◆ SOURCE DATA
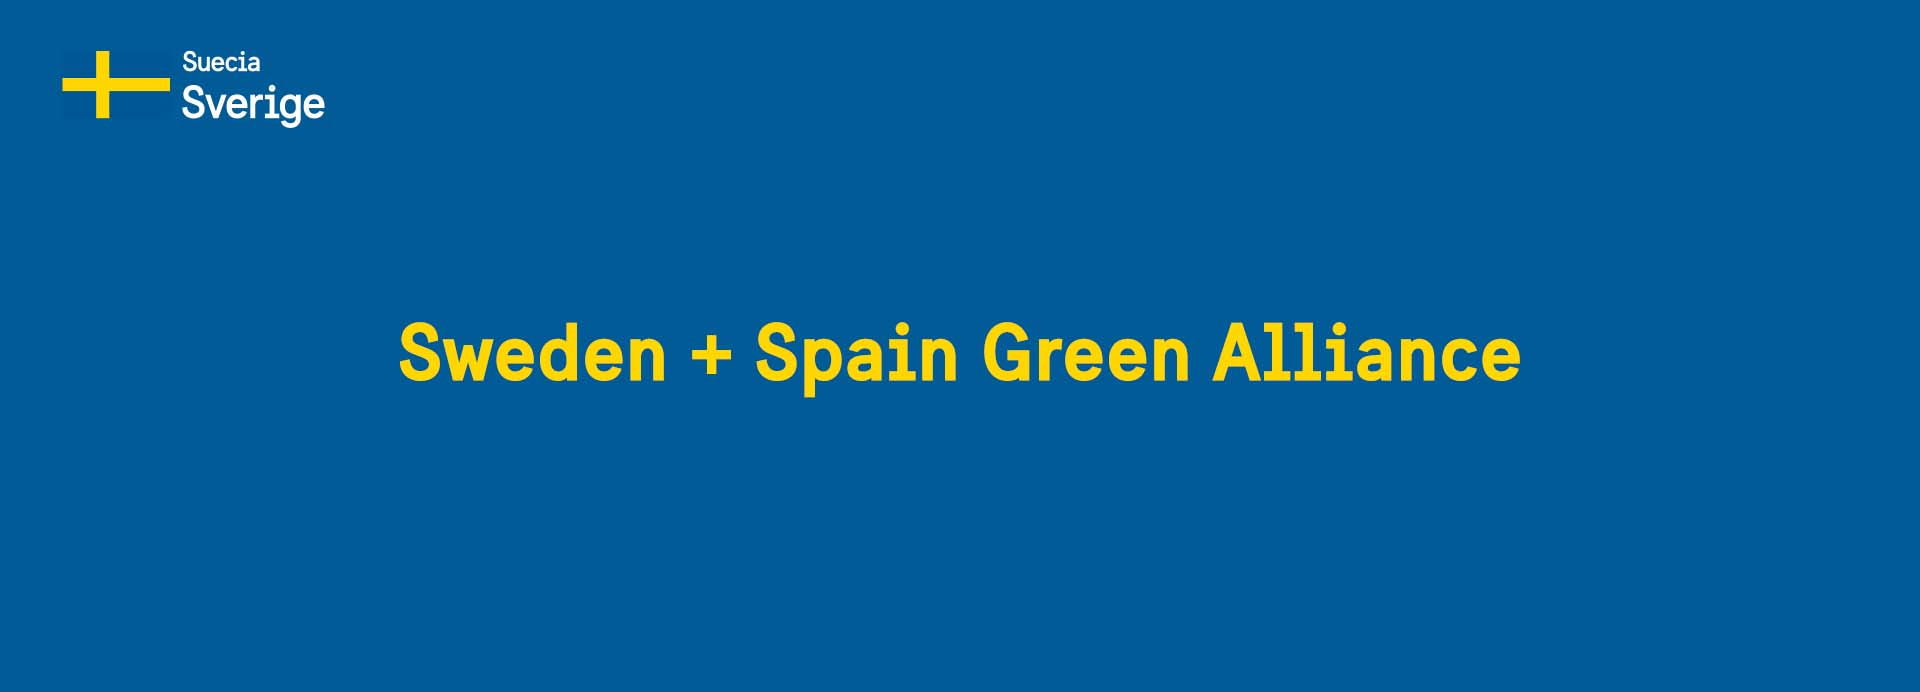 Header image for Sweden + Spain Green Alliance 
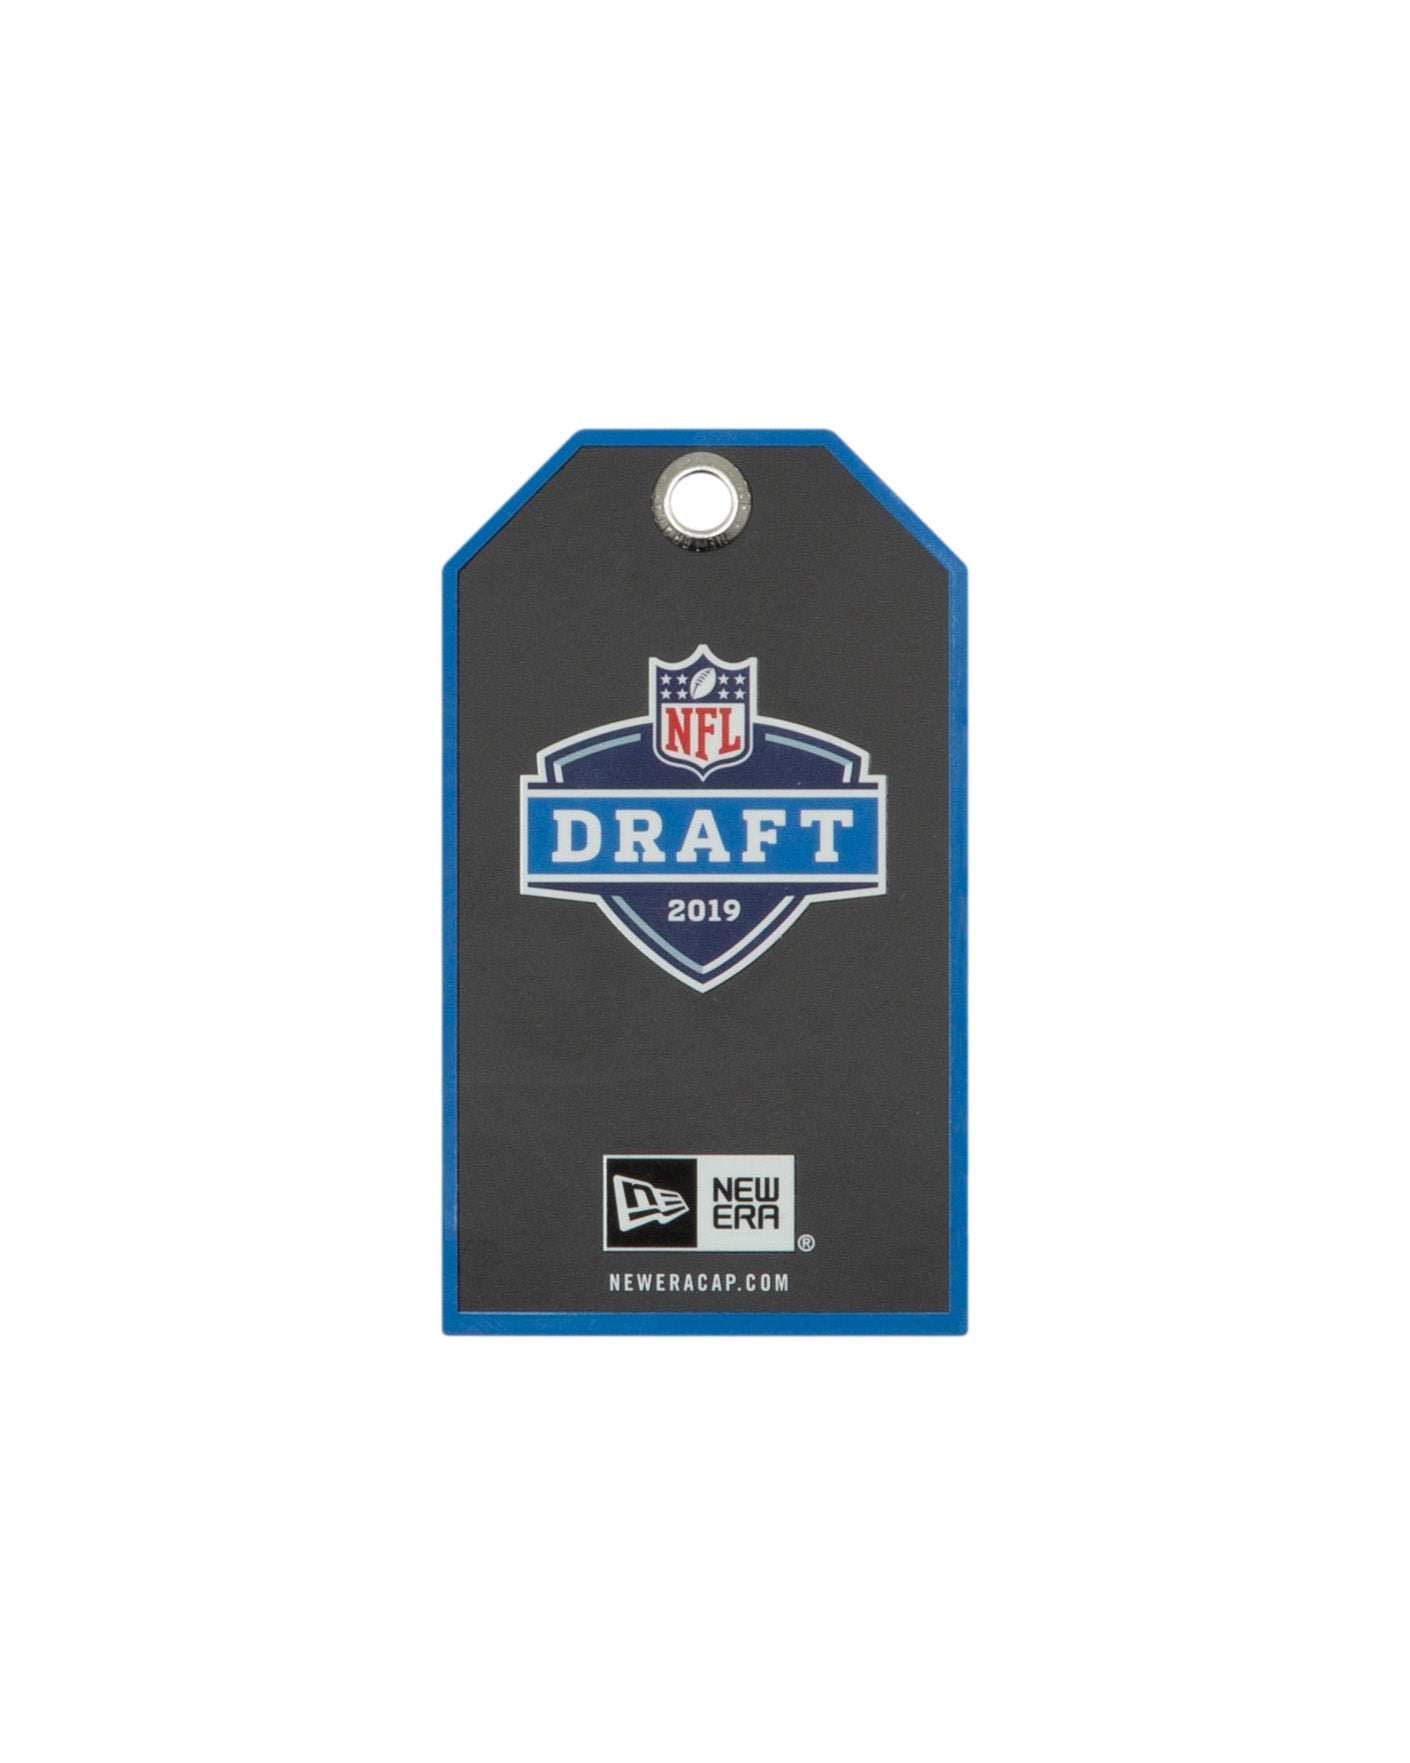 Minnesota Vikings New Era 2019 NFL Draft On-Stage Official 39THIRTY Flex Hat
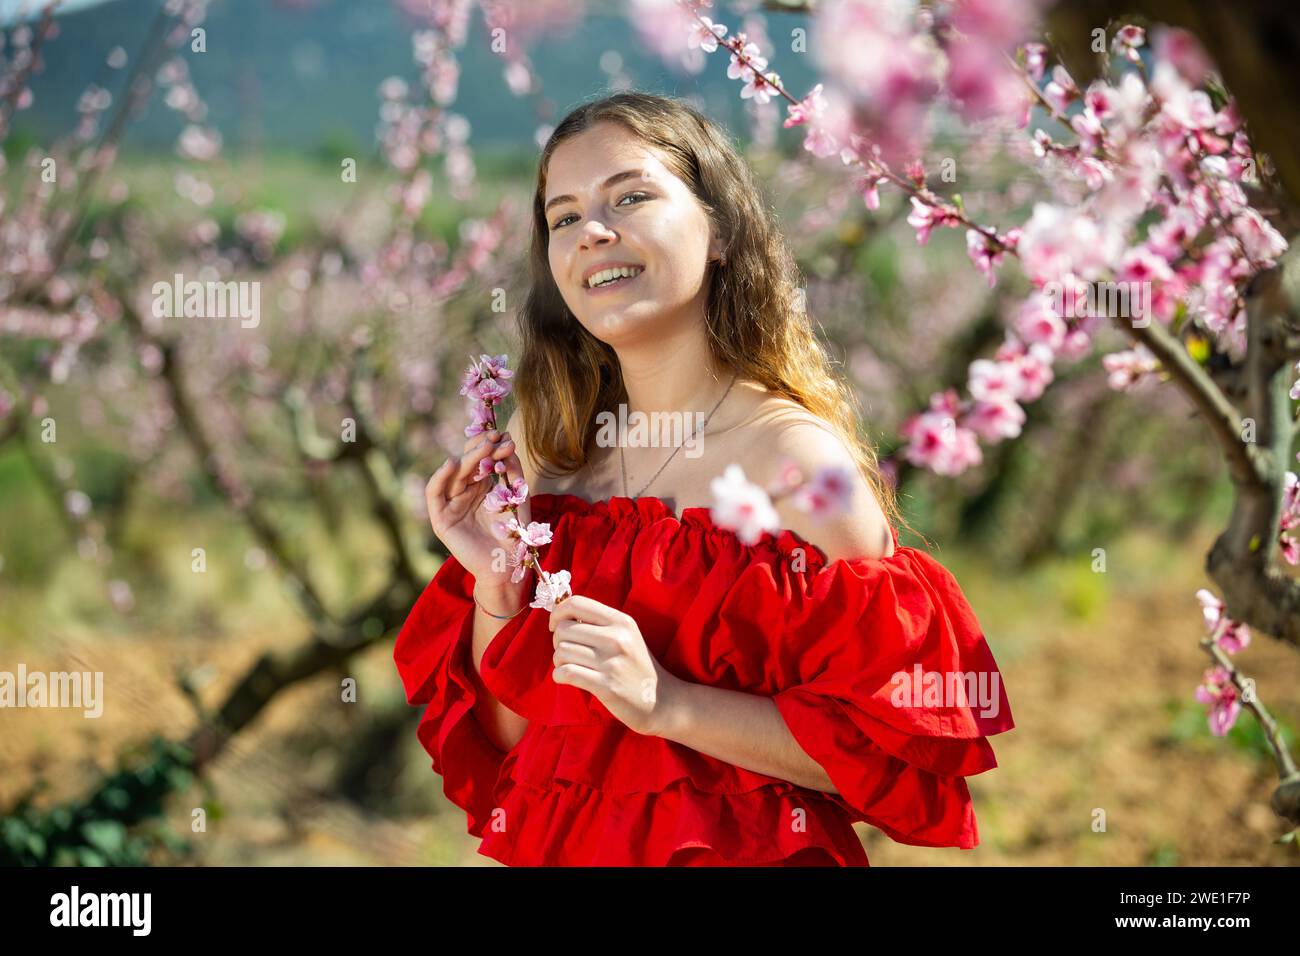 Portrait of happy girl in red dress in blooming spring garden Stock Photo
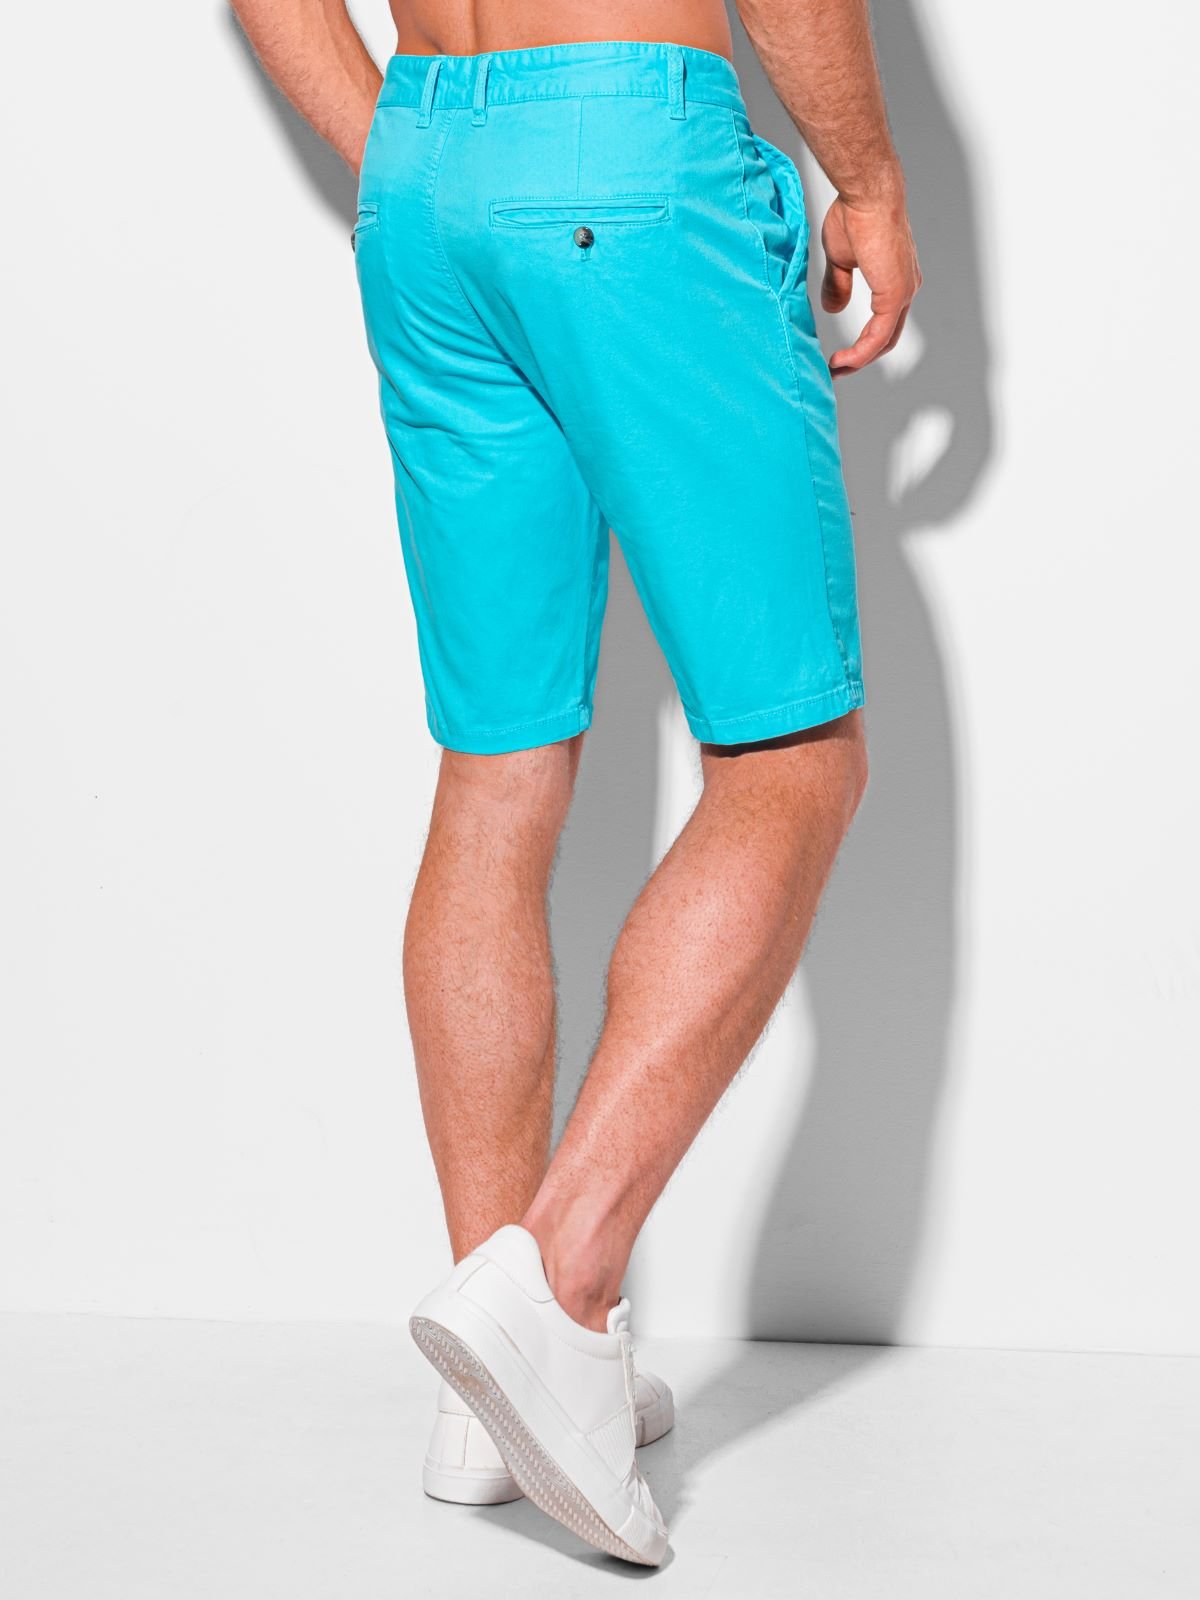 Men's chino shorts W341 - turquoise | MODONE wholesale - Clothing

◆ WHAT TO WORK ON
Return exactly the lines from the line with "Minnesota Vikings New" through the last line of the data above, both included; pictures do not go in the answer.

◆ EXERCISE OUTPUT
 Minnesota Vikings New Era 2019 NFL Draft On-Stage Official 39THIRTY Flex Hat
 Portrait of happy girl in red dress in blooming spring garden Stock Photo
 Men's chino shorts W341 - turquoise | MODONE wholesale - Clothing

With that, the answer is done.